8 mai : le jour où la Corse est devenue française

Dans les milieux nationalistes corses, l’habitude a été prise de venir le 8 mai sur le Ponte Novu (Ponte-Novo) pour jeter des couronnes de fleurs dans le fleuve Golo. Il s’agit d’un hommage aux quelques centaines de partisans de Pascal Paoli tombés il y a 255 ans pour défendre la république indépendante de Corse qui livrait là sa dernière bataille avant l’intégration de l'île à la France.

 

Depuis quelques années, dans les milieux nationalistes corses, l’habitude a été prise de venir le 8 mai sur le Ponte Novu (Ponte-Novo) pour jeter des couronnes de fleurs dans le fleuve Golo. Il s’agit d’un hommage aux quelques centaines de partisans de Pascal Paoli tombés pour défendre la république indépendante de Corse proclamée en novembre 1755, mais que ses divisions internes et une ultime bataille, ont perdu. Le jour où la France toute entière célèbre la victoire de 1945, c’est une défaite des Corses face aux armée du roi de France, en 1769, qui est commémorée.

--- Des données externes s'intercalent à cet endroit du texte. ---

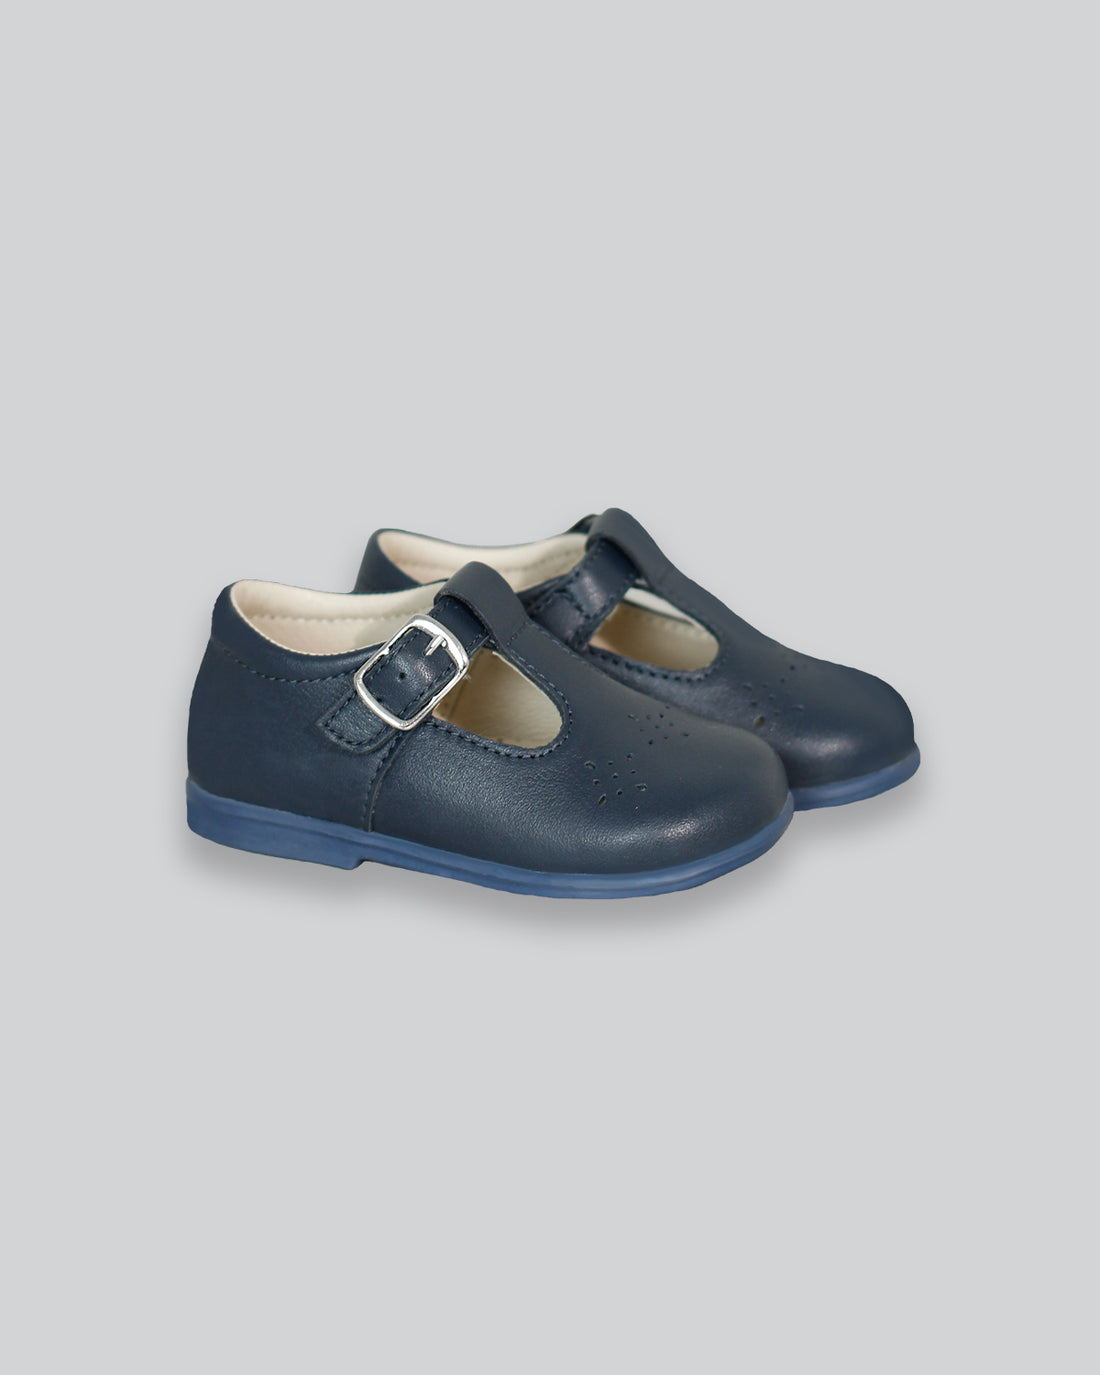 Cardiff Shoes in Marine Blue

La Corse était depuis quatre siècles une possession de la République de Gènes. Sous la conduite de Pasquale Paoli, Babbu di a Patria, une révolution inspirée des idées de Voltaire et Rousseau mais aussi de la naissance d’un sentiment national, a éclaté en Corse et en novembre 1755, une république de Corse est proclamée avec Corte (Corti) pour capitale. Les Génois ne contrôlant plus quelques ports, ont tenté de reprendre le contrôle de l’île qui s’était organisé en État indépendant avec sa constitution et sa monnaie. N’y parvenant pas, Gênes a fini par céder « provisoirement » ses droits sur la Corse à la France qu’elle charge de « pacifier » l’île et est de lui restituer en échange de 40 millions de livres, le paiement de son intervention. Les premières batailles ont tourné en faveur des indépendantistes mais le royaume de France a envoyé de gros renforts, épaulés par des mercenaires prussiens. Les partisans de Pascal Paoli ont finit par être écrasés à la bataille de Ponte Novu, les 8 et 9 mai 1769. Paoli va s’exiler à Londres et la France prendre le contrôle de toute l’île qui devient une province française en 1770.

C’est un jour sombre pour les nationalistes corses qui est marqué aujourd’hui. Les représentants des principaux partis nationalistes sont présents à la commémoration de la bataille de Ponte Novu, mais aussi de nombreux jeunes qui s’intéressent à leur histoire nationale.

Un article de l'Almanach international des éditions BiblioMonde, 7 mai 2024

Pascal Paoli à la bataille de Ponte Novu, 1769, œuvre de Henry Benbridge

Le fameux pont, théâtre de la bataille du 8-9 mai 1769. Ce n’est pas lors de cet affrontement que ce pont génois fut détruit mais en septembre 1943, lors de la retraite de l'armée allemande vers Bastia.